O dedilhar das cordas de violino. O ressonar de um gato, prova viva de um sono paradigmático. A neblina que repousa nas colinas, embaciando o verde da relva que até então resplandecia sob a custódia do sol. O amontoado de paráfrases, testemunho da desoriginalidade da espécie – e, então, o fruir das imperfeições, a sua assinatura genética. O coro emudecido a falar mais alto do que a cacofonia dos mandantes.
No dia seguinte: a janela do comboio, devolvendo a paisagem consentida. As mãos entrelaçadas, fusão que não precisa de verbos. A colossal montanha que tutela a cidade. As vozes nada estremunhadas que enxameiam o lugar com um postulado transalpino. Sem gaguez, sem a melancolia própria dos austeros nativos. As linhas contíguas que amparam um desequilíbrio estrutural, omitindo-o. Uma tomada de consciência: a filosofia do desmedo não transige com meias palavras nem com hesitações datadas.
E os dias consecutivos: um miradouro que desenha as estrofes centrípetas. O mar sem ondas, uma farsa benévola. Os olhos desamputados de preconceitos. A literatura (alguma). Os espelhos retrovisores que navegam no caudal de um rio nascente. A madrugada, imperial. A maresia que se agiganta contra o muro do silêncio, compondo uma gramática que vive por dentro das veias. O sangue a preceito, desangustiado.

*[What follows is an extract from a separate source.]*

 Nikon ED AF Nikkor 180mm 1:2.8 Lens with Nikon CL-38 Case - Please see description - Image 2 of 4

A ideia enraizada de que o tempo não tem fim. Que o mundo não tem fim, como se fosse a negação de Copérnico. As lições da vida colhidas em peças de teatro. O majestoso magma que esconde a grandeza da existência, contrariando o princípio geral da insignificância. O galeão que espera fundear no cais autorizado, e toda a tripulação ansiosa por sentir o calor da terra firme, o calor dos corpos que nela habitam, dos corpos que possam neles habitar. Os ossos que contrariam a rarefação do ar. A neve articular, um trono que pertence a cada audaz que sobe à cumeeira.

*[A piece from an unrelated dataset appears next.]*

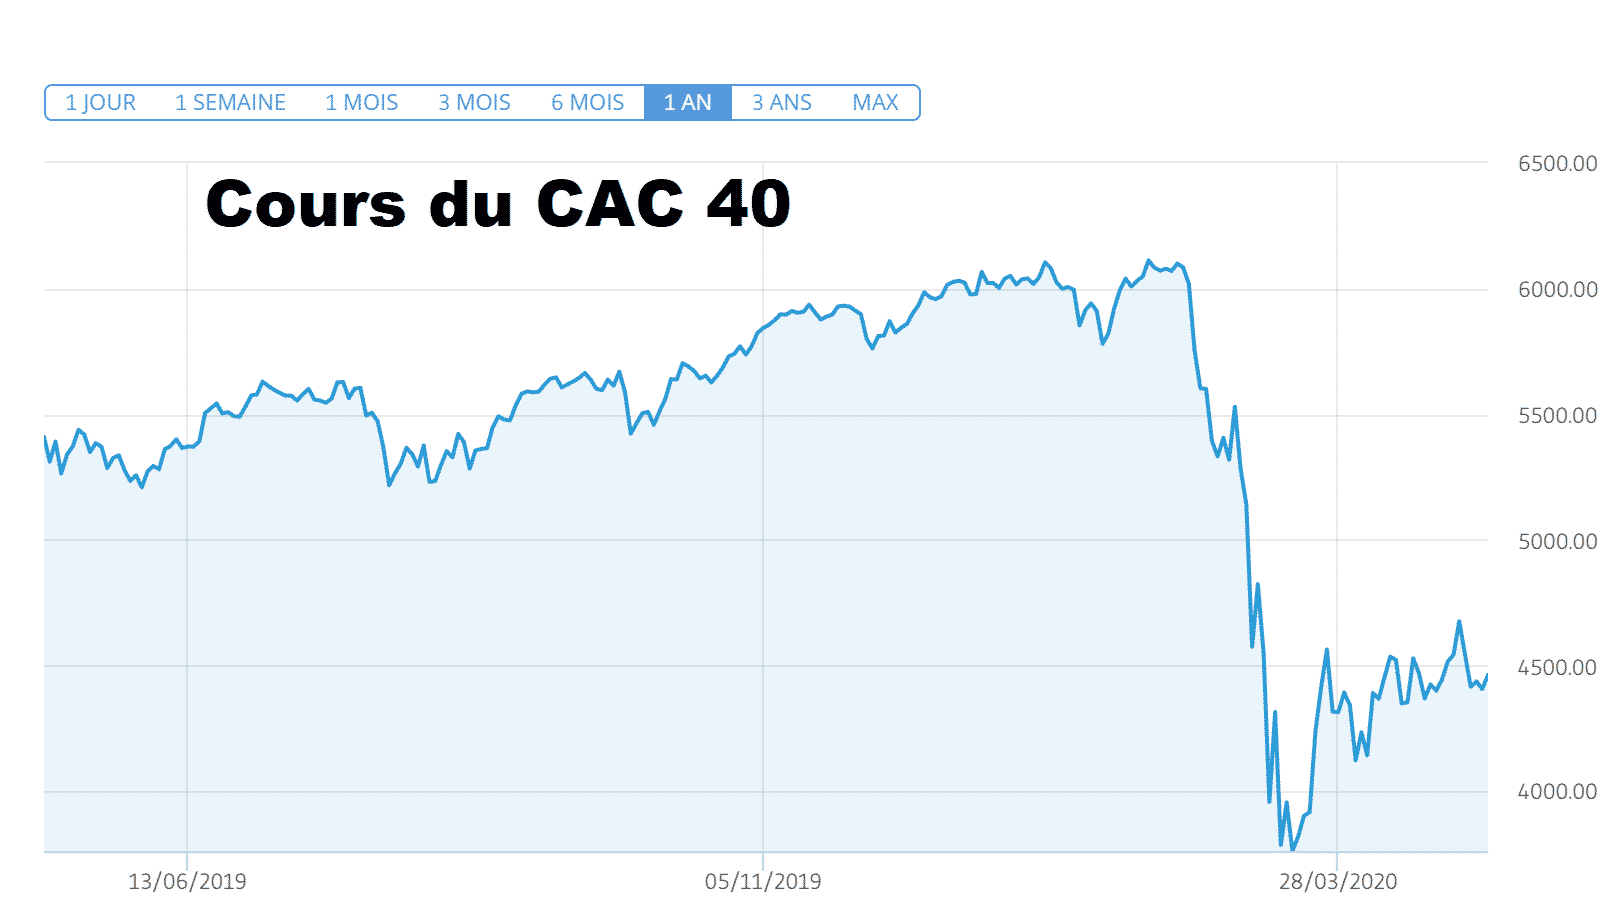 cours CAC 40 remonte lentement pente covid-19 cours CAC 40 baisse Covid-19 remonte

A morte (que) não entra no dicionário. O dicionário que não enjeita as palavras interditas, as palavras insubmissas, as palavras que são como beligerância. Pois a vida também é feita de contrafação. De contratempos. A perfeição não é a medida desta vida. Saber dela é tornar puro o que é impuro. A morte, a tremenda bomba relógio sempre à espera de estourar por dentro do corpo, não conta. Ela mata-se a si própria. O deixar de fazer sentido exalta o peso incomensurável da vida. Depois dela, tudo deixa de existir.